Dr. Granger set up discussion of the 2 trials of the Complement and Reduction of Infarct Size After Angioplasty or Lytics (CARDINAL) program by noting that mortality and development of heart failure remain common after myocardial infarction, even after optimal reperfusion was achieved. No trial in the last 10 years has shown a reduction in mortality with an adjunct treatment for reperfusion, according to Granger, and researchers have remained focused on possible ways in which the cellular damage and inflammation associated with reperfusion techniques can be reduced or eliminated.

The CARDINAL program is a phase II study designed to test whether adjunct use of a complement inhibitor (pexelizumab) could reduce infarct size or improve clinical outcome after reperfusion. The program consisted of 2 trials: the COMPLY trial, in which reperfusion was achieved with thrombolysis, and the COMMA trial, in which reperfusion was achieved with angioplasty.

Characteristics of CARDINAL patients and their clinical presentation are shown in the table below.

Because pexelizumab's point of action in the complement cascade is at generation of C5a and C5b-9 fragments (which have strong inflammatory activity), there is hypothetical preservation of anti-bacterial activity through C3b, which is produced earlier in the cascade. However, both trials excluded patients with deficiencies of white blood cells or evidence of infection.

Each trial had 3 treatment arms from which data were generated: placebo, pexelizumab 2.0 mg/kg bolus over 10 minutes, and pexelizumab bolus followed by 1.0 mg/kg infusion over 20 hours.
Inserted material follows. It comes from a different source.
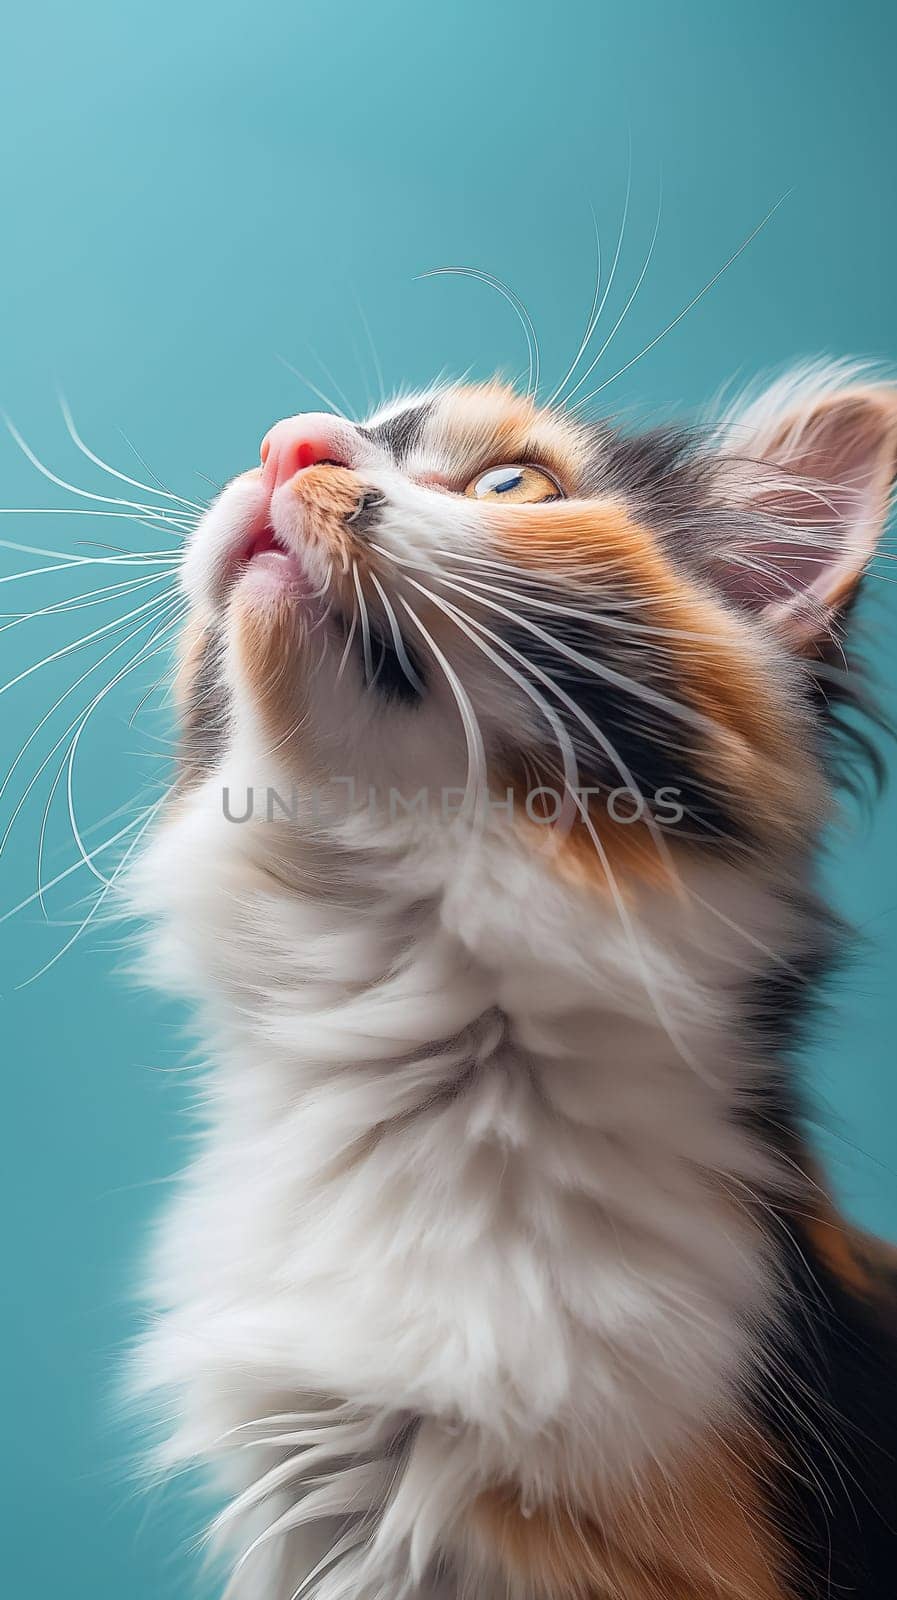 Calico Cat Gazing Upward Against a Blue Background by chrisroll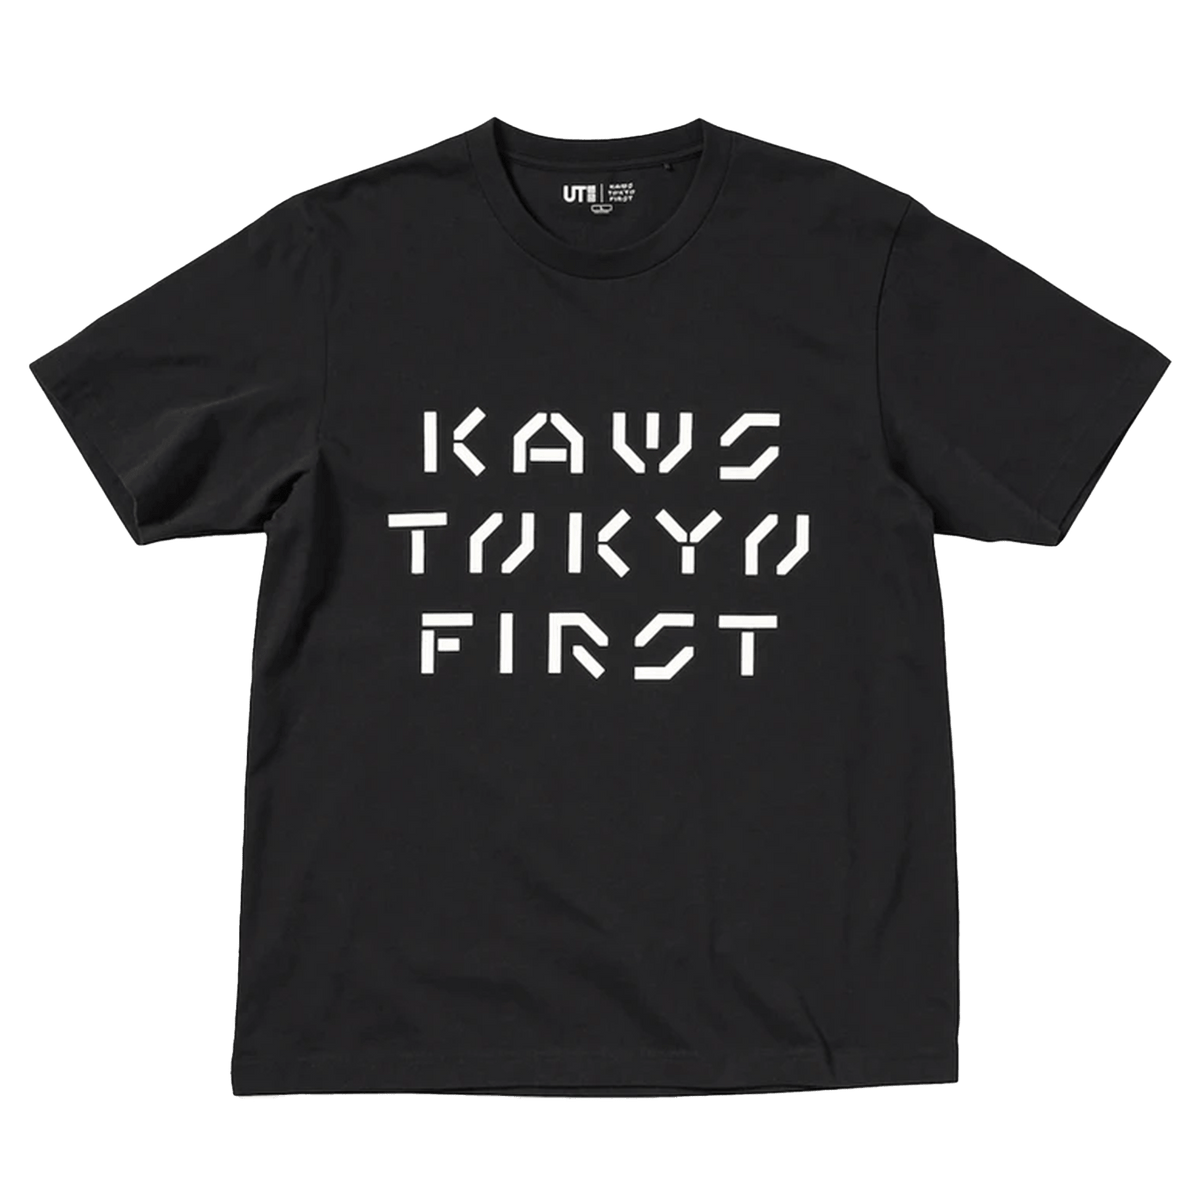 KAWS x Uniqlo Tokyo First Tee (Asia Sizing) Black - UrlfreezeShops

The primary endpoint was infarct size determined by the area under the curve for CK-MB level with use of a log rank test. Secondary endpoints were clinical composite at 90 days (death, development of heart failure, cardiogenic shock, or stroke), as well as incidence of each clinical component.

Data from the trial with thrombolysis as primary therapy (COMPLY trial) show no difference in infarct size or clinical composite with use of bolus or bolus/infusion use of pexelizumab.

Data from the trial with angioplasty as primary therapy (COMMA trial) show that there was no drug effect on infarct size or clinical composite endpoint at 90 days. However, the investigators were pleasantly surprised to see a statistical difference in all-cause 90-day mortality (1.8% for bolus/infusion, 4.1% for bolus, and 5.9% for placebo).

Data from both trials showed that pexelizumab is effective as a complement inhibitor (complete inhibition of hemolysis for 4 hours with bolus, 24 hours with bolus followed by infusion). Safety data indicate it is well tolerated at the dosages used in the trial.

Dr. Granger said that the findings of safety and efficacy in reducing mortality (both trials and COMMA trial respectively) suggest that complement inhibition may have a clinical benefit through a mechanism other than reduction in volume of infracted myocardium. Additional research is indicated.